= Supplied material =
-------------------------

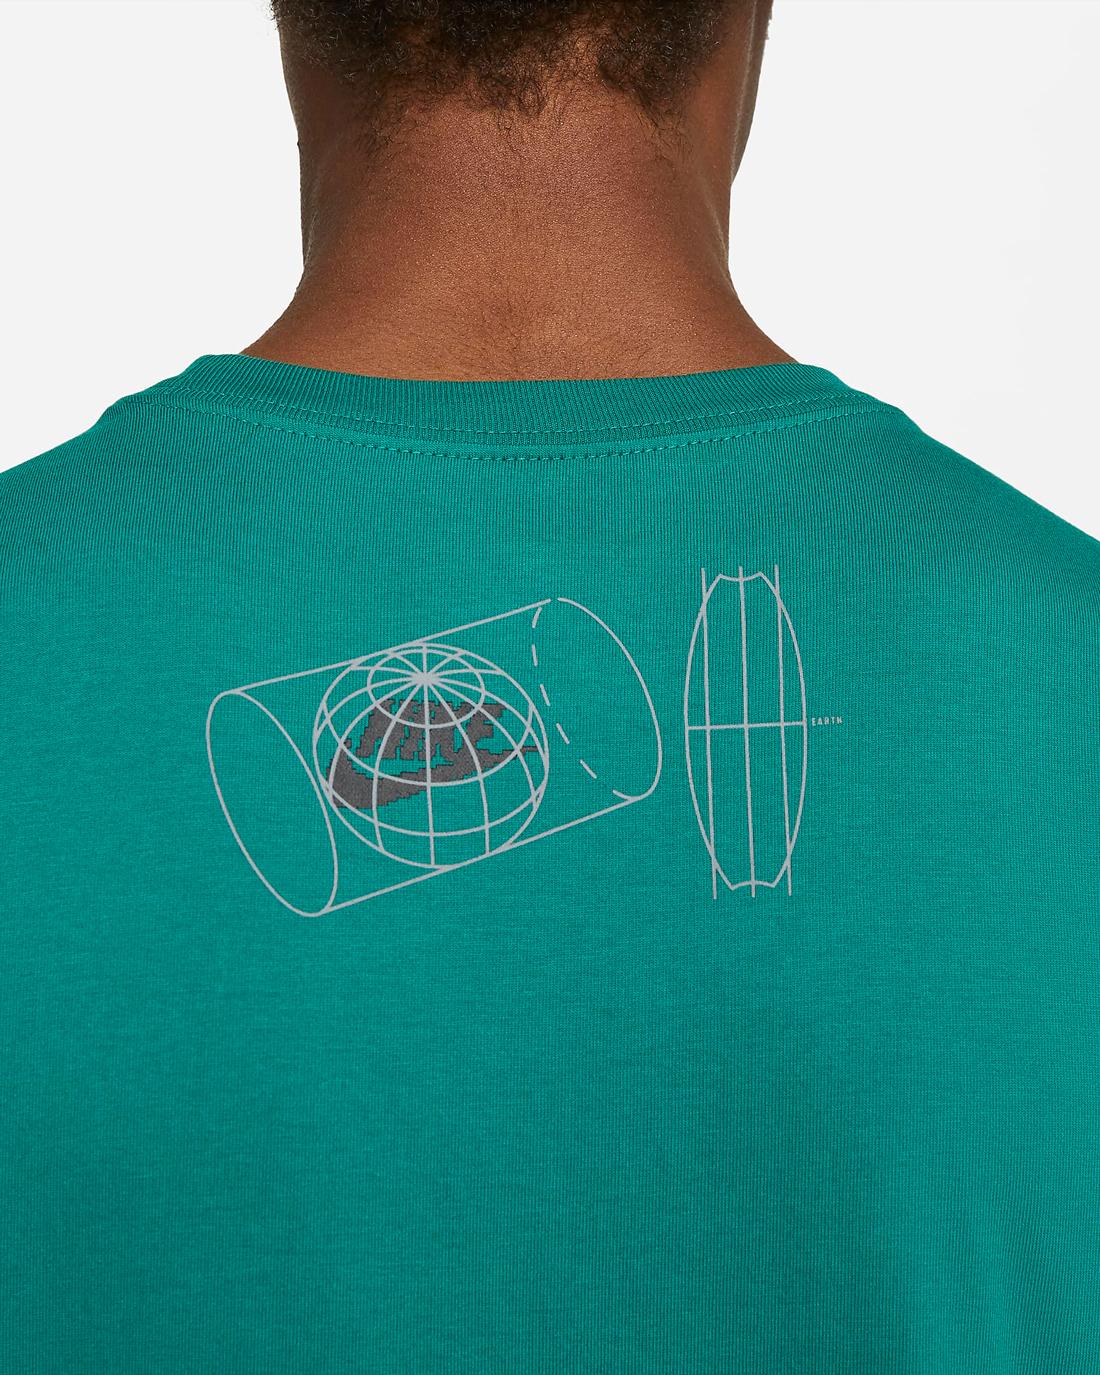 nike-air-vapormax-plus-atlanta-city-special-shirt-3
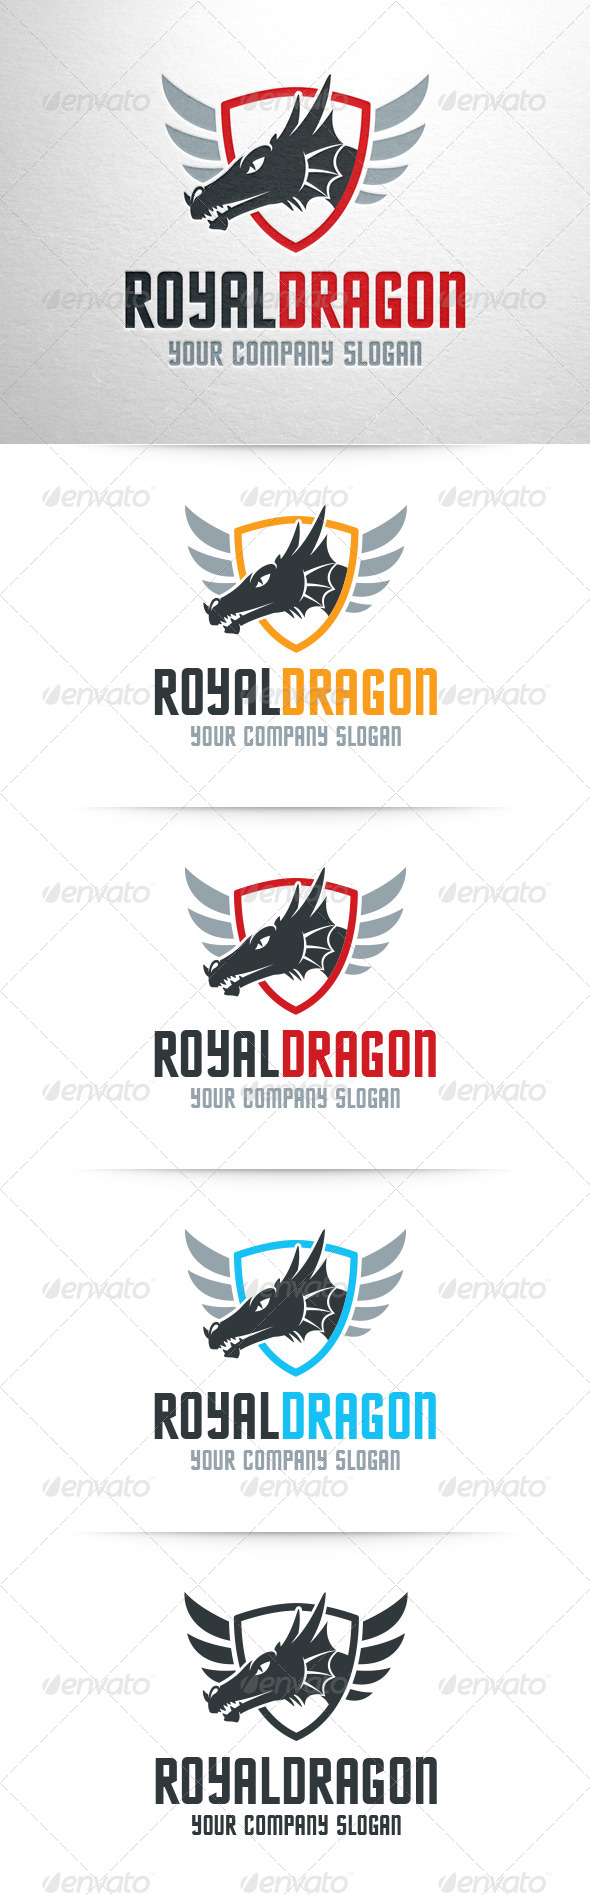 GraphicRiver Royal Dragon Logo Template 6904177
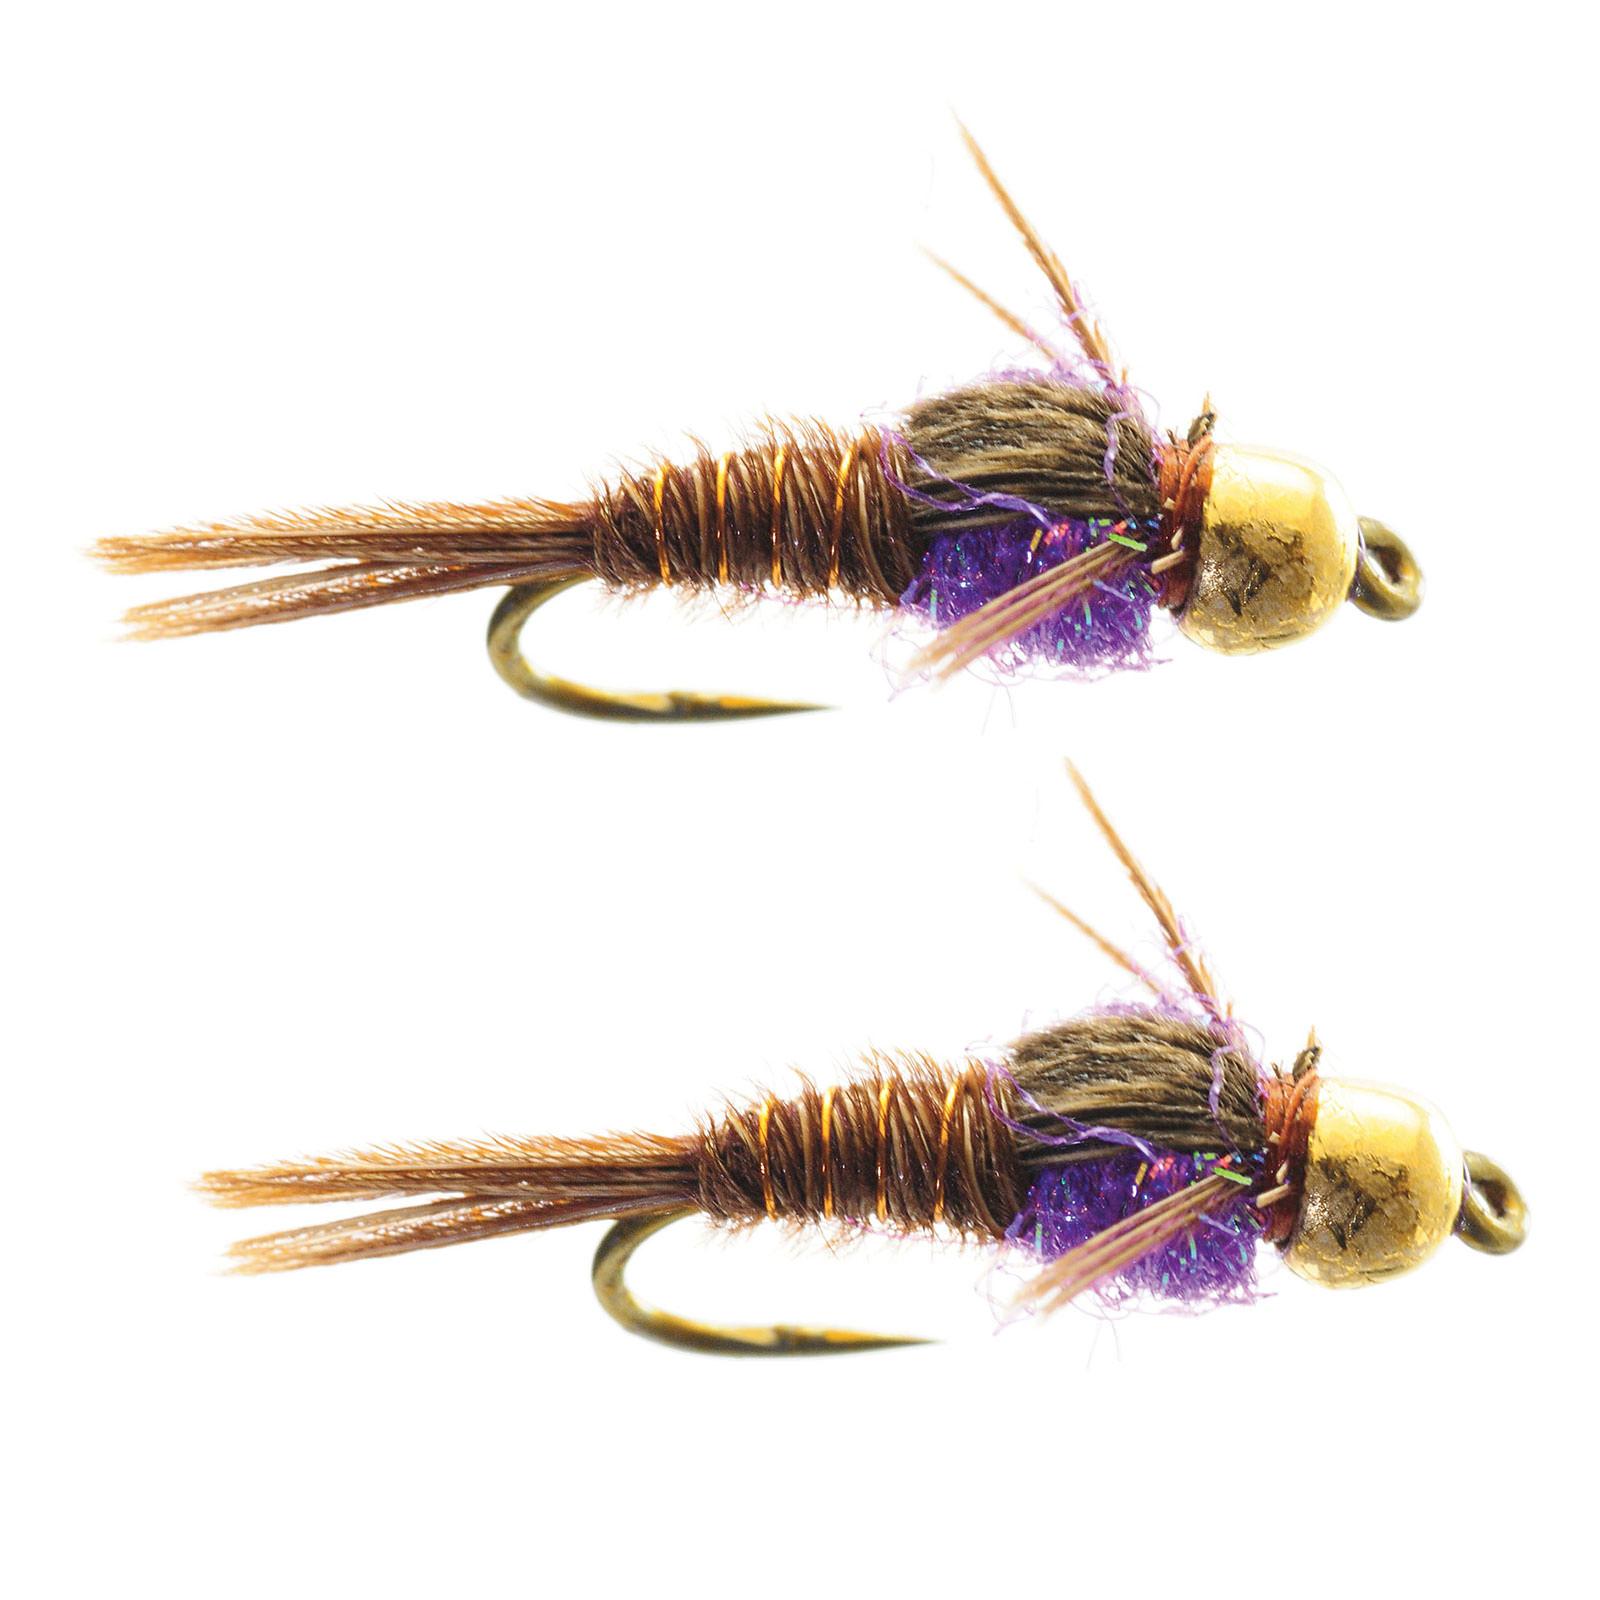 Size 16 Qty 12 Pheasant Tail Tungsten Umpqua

-------------------------

= Instructions for the task =
The result should be the full listing, retyped exactly and free of pictures.

= Your solution =
 nike-air-vapormax-plus-atlanta-city-special-shirt-3
 GraphicRiver Royal Dragon Logo Template 6904177
 Size 16 Qty 12 Pheasant Tail Tungsten Umpqua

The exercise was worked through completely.